Here, the percentage of zeros is relatively high. In order to be able to apply specific statistical approaches later, we should think about filtering the OTU data.

5.1.2. Counts frequency

Visualize the count frequency in the OTU table using a histogram.

hist(as.matrix(data_otu), 
     max(data_otu), 
     right = FALSE, 
     las = 1, 
     xlab = "Occurrence value", 
     ylab = "Frequency", 
     main = "Occurrence frequency")

Question

How do you interpret this histogram?

Solution

This plot represents the occurence frequency.
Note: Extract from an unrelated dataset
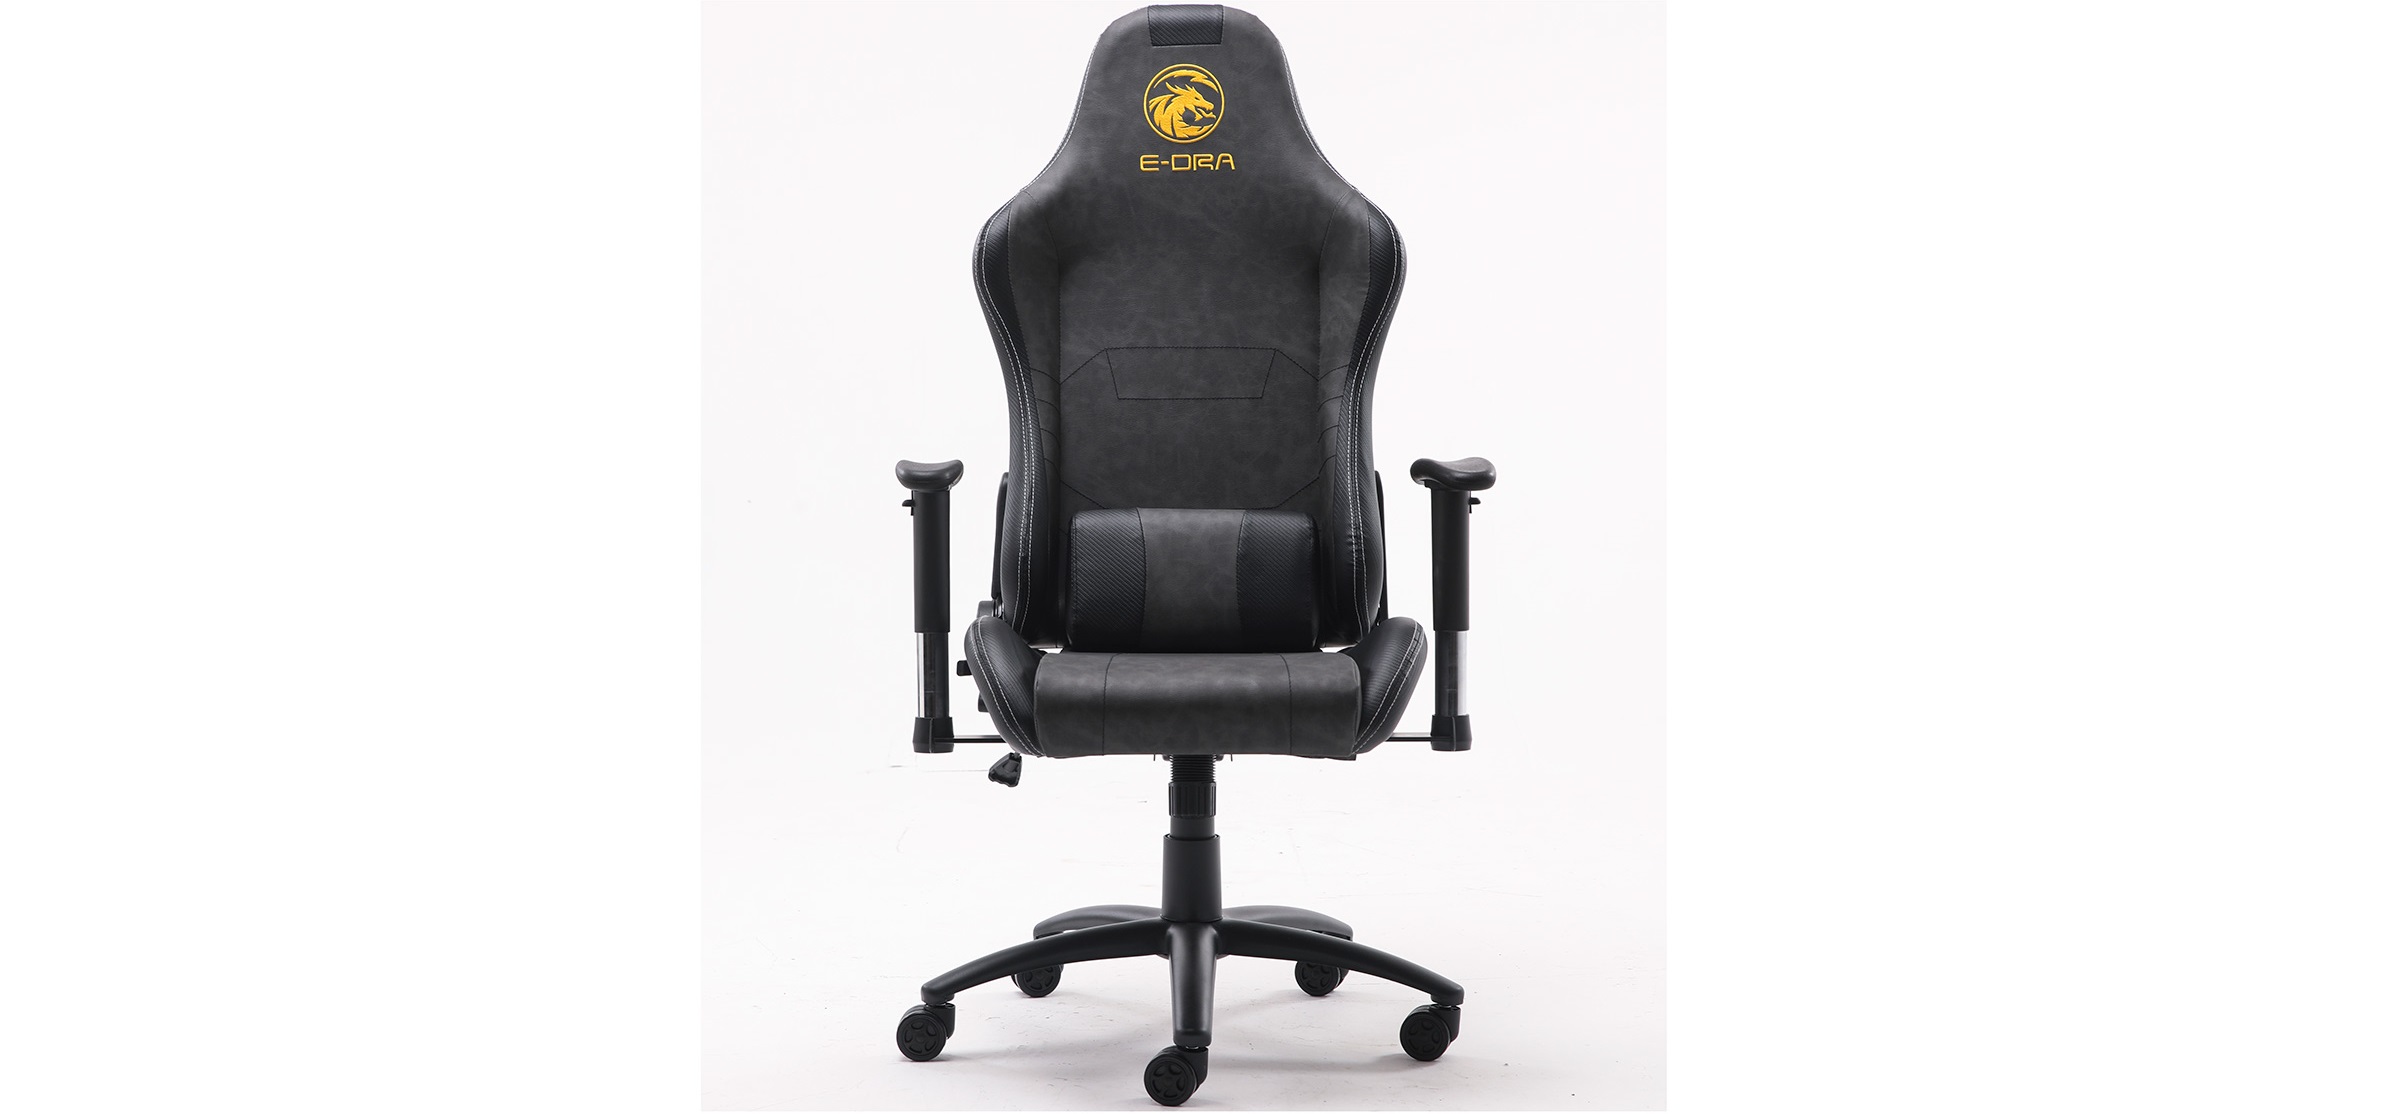 Ghế Gamer E-Dra Midtnight Gaming Chair Black/Gray (EGB025) trang bị da PU với độ bền cao

The x axis represents the occurence value (for the all OTU table, so for each sample and OTU) and y the frequency.
You can see that for x = 0, y = 68633. So, there are 68633 zeros in the OTU table.
You can also see that the histogram is rapidly decreasing as x increases. This means that there is a lot of low counts > > occurences (such as 0, 1 or 2 counts per OTU and per sample) and few abundant OTU.

Remark

One option for data fitering could be to remove OTUs that have a total count over all samples per OTU lower than a defined value.
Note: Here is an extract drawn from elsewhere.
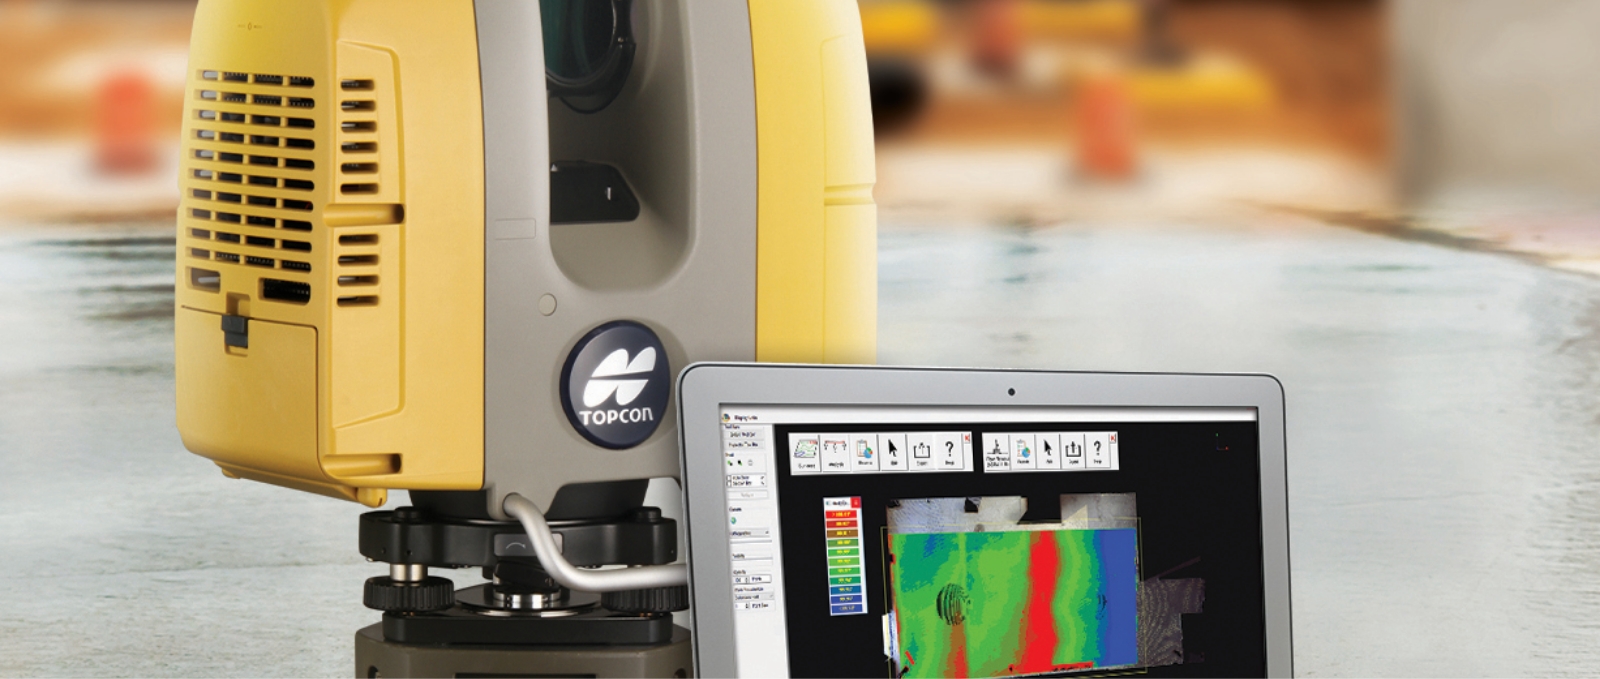 Topcon GLS 3D laser scanner

5.1.3. Minimum total count over all samples per OTU

Question

What is the minimum total count over all samples per OTU in this data set?

Solution

min(colSums(data_otu))

Remark

As illustrated in this tutorial, after the first bioinformatic analysis that generate the OTU table, microbial ecologists usually remove singletons (OTU for which only one read has been identified in the full OTU table, including all the samples).
Microbial ecologists consider that reads which are present only once should be treated as artifacts and removed. As a reminder, chimeric amplification products have been already removed in the bioinformatic analysis before generating the OTU table. Chimeras are hybrid products between multiple parent sequences that can be falsely interpreted as novel organisms, thus inflating apparent diversity.
thus inflating apparent diversity.

5.1.4. Non-zero values per OTU

In order to check how the different OTU/ASV are shared bewteen samples, plot the number of non-zero values for each OTU

non_zero <- 0*1:nb_var

for (i in 1:nb_var){
  non_zero[i]<-sum(data_otu[,i] != 0)
  }

plot(non_zero, xlab = "OTU", ylab = "Frequency", main = "Number of non zero values", las = 1)

Question

How do you interpret this plot?

Solution:

This plot represents the number of non-zero values. The x axis represents the different OTU (we have here 5248 OTU) and the y axis represents the frequency (from 1 to 18, as we have 18 samples).
You can see that there is a lot of dots when y < 5, which means that the major part of the non-zeros values are found in less than 5 samples. We can also say that there are few non-zero counts that are shared in more than 5 samples.
The major part of the OTU are thus specific to only a few number of samples.

Remark

Remember that, here, the number of replicates per treatment is 3 per site and per harvesting date, 6 per harvesting date, and 9 per site.
We can think about different ways to filter the OTU data. For example, here, we can think about removing rare OTU that are not shared with at least 2 or 3 samples. Try to think about how you can filter your OTU data.

5.2. Sequencing depth

Sequencing depth and library size represent the number of counts per sample. This number can vary a lot among the different samples, usually up to 10 fold between some samples and it is especially due to several technical biases. Some of these biases are explained below.
After extracting the DNA from each sample independently, the biologist measures the DNA concentration for each sample. First, the sensitivity of the technique used to measure DNA concentration is not always very high. Then, according to this concentration, the biologist pools the different samples in one equimolar mix using pipette, which add also some error. Moreover, the PCR amplification step can also add some difference among samples because PCR amplification can be more/less efficient according to the sequence itself.

Question

Why do you think that it is important to look for sequencing depth?

Solution:

First, it is important to know if we sequenced enough to catch all the diversity present in our environment.
Then, if you want to be able to compare the samples to each others, we need to have a comparable library size between samples.

5.2.1. Rarefaction curve

Microbial ecologists explore sequencing depth though a rarefaction curve. The rarefaction curve shows how many new OTU are observed when we obtain new reads for a given sample. If the sequencing depth is enough, we should observe a plateau, meaning that even if we sequence new reads they will belong to OTUs already observed. In other word, all the diversity present in a sample is already described and we have sequenced the community deeply enough. This analysis should be execute on the raw data.

Remark

We check sequencing depth on the raw data: data_otu.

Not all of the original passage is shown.